A person loses 75% of his money in the first bet, 75% of the remaining money in the second bet, and 75% of the remaining money again in the third bet, and finally returns home with Rs 2. What was his initial amount of money?

Introduction / Context:
This question deals with repeated percentage losses applied successively to a quantity, in this case money used for betting. Instead of a single reduction, the person repeatedly loses 75% of the current amount. At the end, we are given the final amount left and asked to work backwards to find the original amount. These types of questions highlight how repeated losses compound and how to reverse such processes using inverse operations.

Given Data / Assumptions:

• A person starts with some initial amount of money, say X rupees.
• In the first bet, he loses 75% of X, so 25% of X remains.
• In the second bet, he loses 75% of the remaining amount, so only 25% of that remains.
• In the third bet, he again loses 75% of the current amount, so 25% of that remains.
• After the third bet, he is left with Rs 2.

Concept / Approach:
Each loss of 75% means the remaining fraction is 25% or 1/4 of the previous amount. So after the first bet he has X * 1/4, after the second bet he has X * (1/4)^2 and after the third bet he has X * (1/4)^3. This final amount is given as Rs 2. We set up an equation X * (1/4)^3 = 2 and solve for X. Alternatively, we can work backwards by reversing the losses: if 2 is one quarter of the amount before the third bet, then the previous amount was 4 times 2, and so on.

Step-by-Step Solution:
Step 1: Let initial money be X rupees. Step 2: After first bet, he loses 75%, so he keeps 25%: amount = X * 25/100 = X/4. Step 3: After second bet, again he keeps only 25% of current amount: amount = (X/4) * 1/4 = X/16. Step 4: After third bet, again he keeps only 25%: amount = (X/16) * 1/4 = X/64. Step 5: Given final amount after third bet is X/64 = 2. Step 6: Solve for X: X = 2 * 64 = 128.
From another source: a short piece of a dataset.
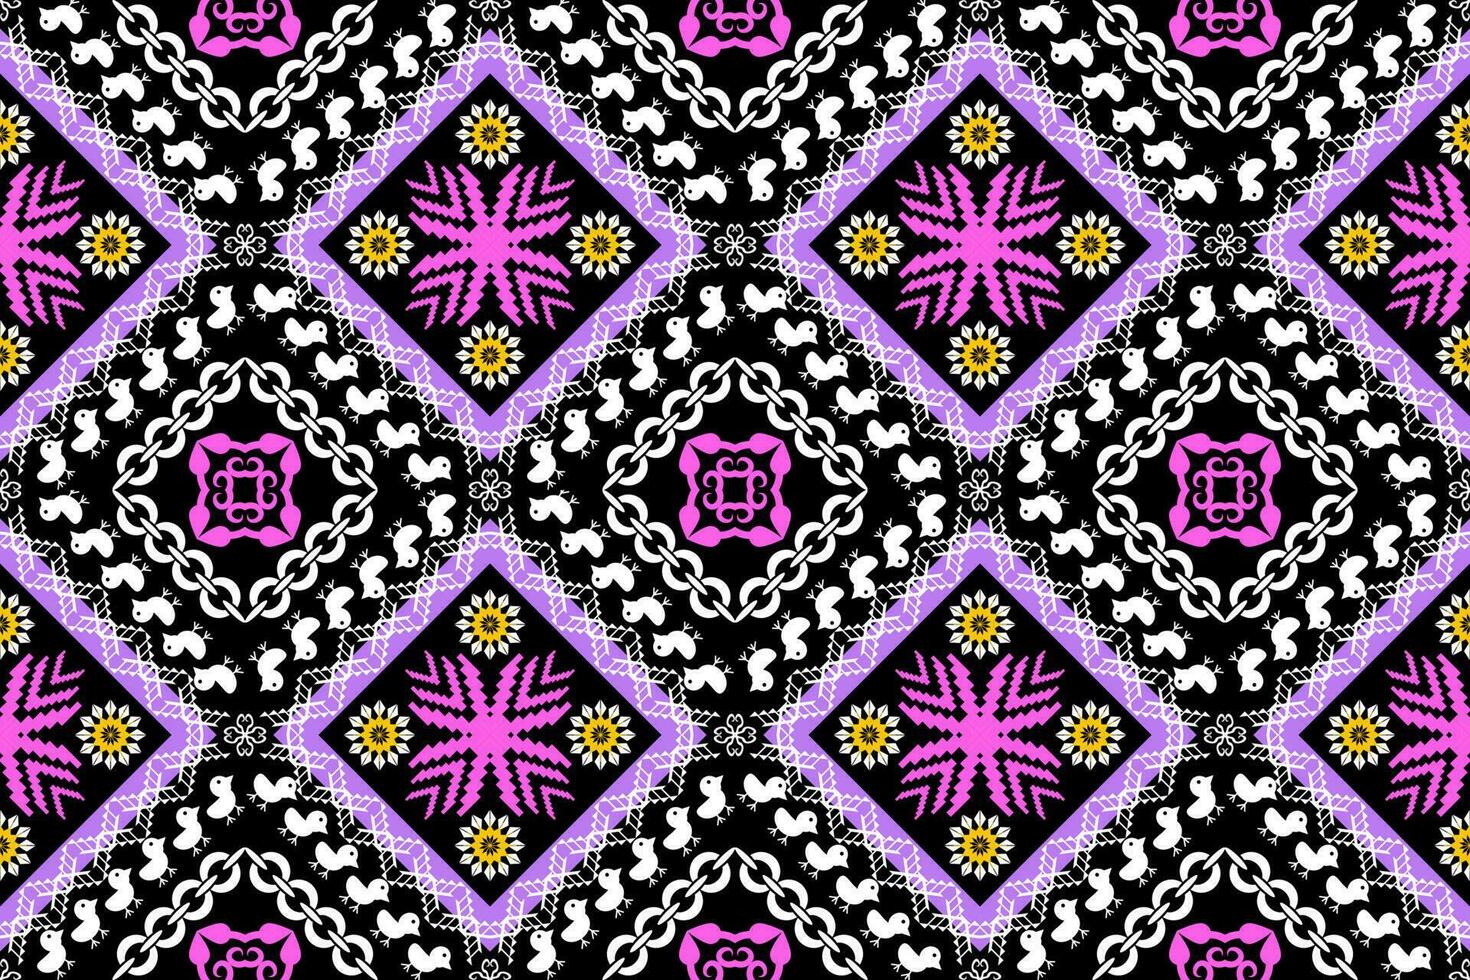 geométrico étnico oriental tradicional arte padrão.figura asteca bordado estilo.design para étnico plano de fundo,papel de parede,vestuário,embrulho,tecido,elemento,canga ilustração vetor

Verification / Alternative check:
Check by forward simulation. Start with Rs 128. After first loss of 75%, remaining money = 25% of 128 = 0.25 * 128 = 32. After second loss of 75%, remaining money = 25% of 32 = 8. After third loss of 75%, remaining money = 25% of 8 = 2. This matches the final amount given in the question, so the initial amount must indeed be Rs 128.
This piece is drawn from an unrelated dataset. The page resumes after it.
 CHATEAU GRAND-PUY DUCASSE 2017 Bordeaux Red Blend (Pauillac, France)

Why Other Options Are Wrong:

• Rs 64 would produce 64 → 16 → 4 → 1, which does not match the final amount of 2.
• Rs 256 would produce 256 → 64 → 16 → 4, again inconsistent with the required final amount.
• Rs 512 would give even larger values and still not end at 2 after three 75% losses.

Common Pitfalls:
Students sometimes try to subtract 75% three times from the original amount as if the loss were always calculated on X instead of the remaining amount. Others misinterpret 75% as leaving 75% instead of 25%. Another mistake is incorrect handling of powers of 1/4, for example using (1/4)^2 when three losses are given. Working with fractions carefully and checking with a forward simulation helps avoid these errors.

Final Answer:
The person initially had Rs 128.